41 Taş ve Deniz Suyu Geleneği
Bir diğer gelenek ise, dere ya da deniz kıyısında dilek dilenerek toplanan 41 taşın, yıl boyunca saklanmasıdır. Bu taşlar bir sonraki Hıdırellez'de yeniden suya bırakılır ve yenileri toplanır. Ayrıca, denizden alınan suyun eve serpilmesinin bolluk getireceğine inanılır.
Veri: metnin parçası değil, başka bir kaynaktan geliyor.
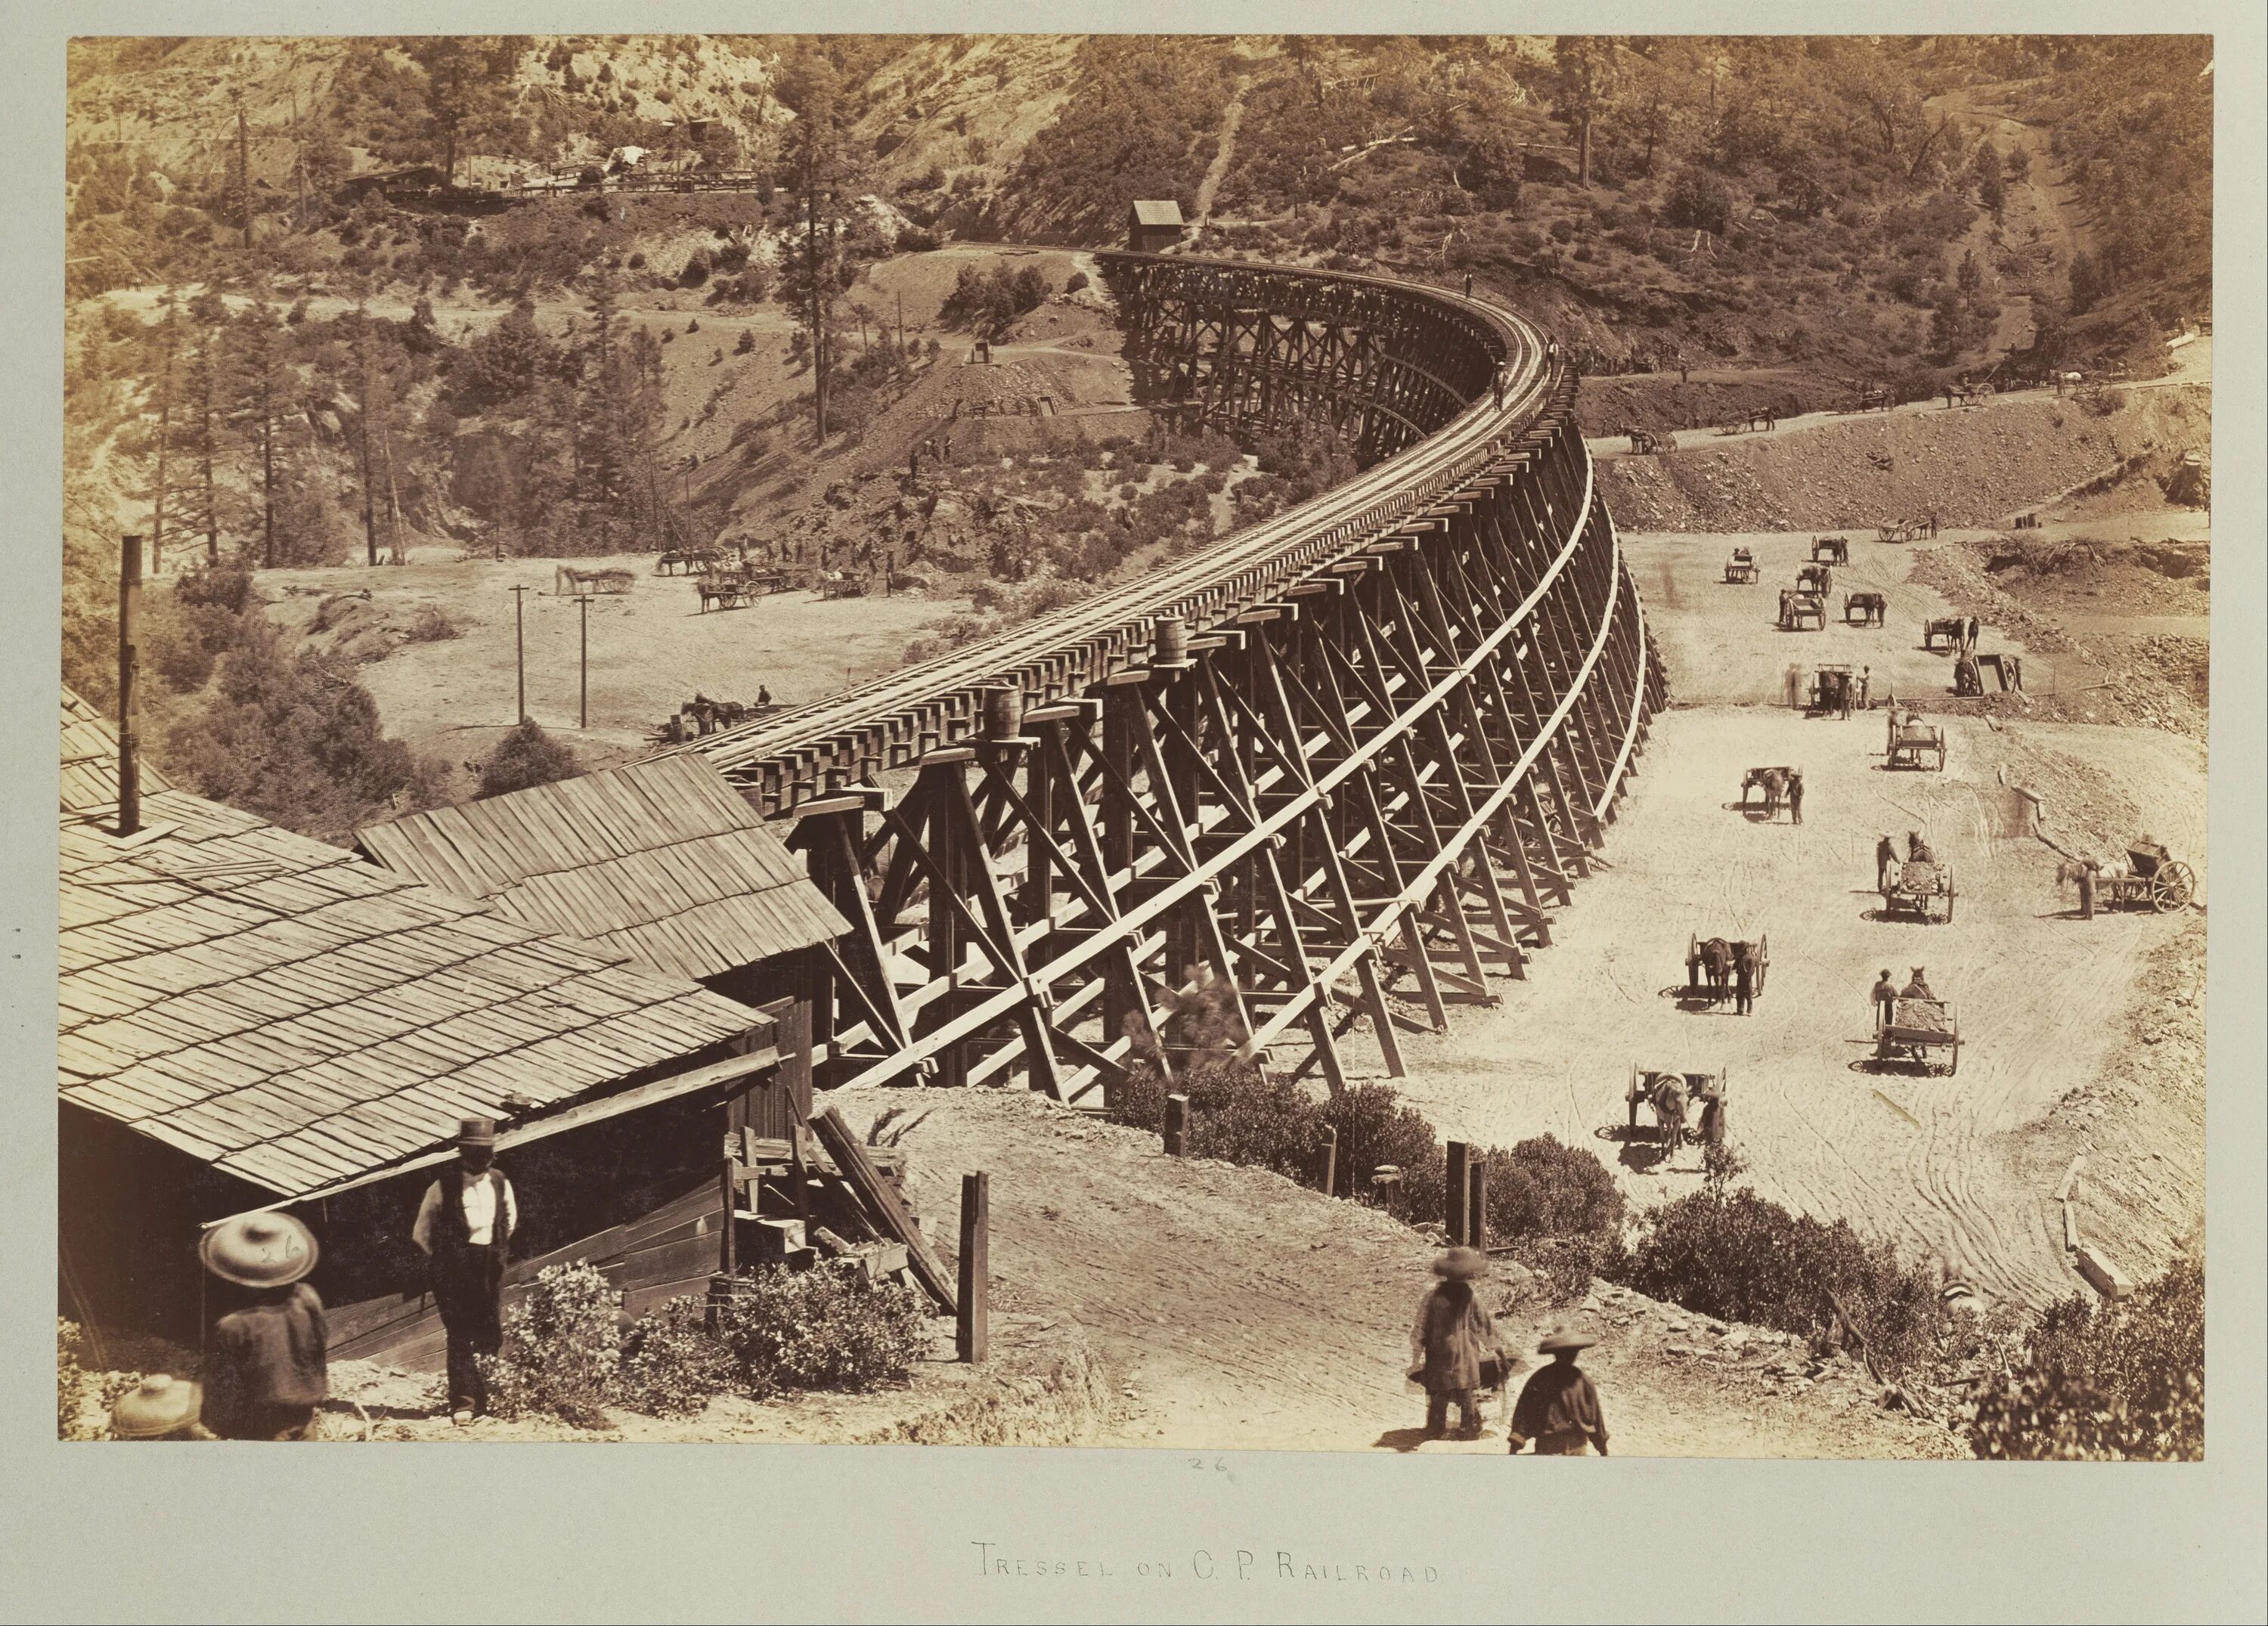 Централ Пасифик железная дорога. Железные дороги 19 века США. Железнодорожные мосты США В 19в.. ЖД США 19 век.

Niyetler ve Çömlek Ritüeli
Dileklerin yazıldığı kağıtlar bazen bir akarsuya bırakılır. Çiğ damlalarıyla mayalanan yoğurt ve hamur da yine o günün bereketini simgeler. Bekar genç kızlara ait takılar su dolu çömleğe konularak ağzı kapatılır, ertesi sabah maniler eşliğinde açılarak eğlenceli bir fal bakma geleneği yaşatılır.
Gül Ağacıyla Dilek Tutma
Dileklerin bereketle hayat bulması için bakliyatlar küçük keselerle gül ağacına bağlanır ve bir gece boyunca burada bırakılır. Sonrasında bu bakliyatlar, yemeklerde azar azar kullanılır. Ayrıca, salıncakta oturan genç kızı evlenmek isteyen erkeğin sallaması da eski geleneklerdendir. Meyve vermeyen ağacın yanına gidilip ürün vermemesi halinde kesileceği söylenerek bereket çağrısı yapılır.
Gül Ağacı Yoksa Ne Yapılır?
Herkesin gül ağacı bulması mümkün olmadığından, alternatif yollar da kullanılır. Saksı bitkileri, canlı ağaçlar ya da dallar da niyet için yeterlidir. Önemli olan toprağa bağlı ve canlı bir varlığa dileğin sunulmasıdır.
Gül bulunamayan yerlerde dilekler akan suya – özellikle nehir, dere ya da denize – bırakılır. Bu, Hızır’ın suyla olan bağı nedeniyle kutsal kabul edilir. Bazı kişiler ise dileğini yazıp yastığının altına koyar, ilk gördüğü rüyayı dileğiyle yorumlar. Şehirde yaşayanlar ise dileklerini balkon demirlerine veya pencere kenarlarına asarak ritüeli yerine getirir.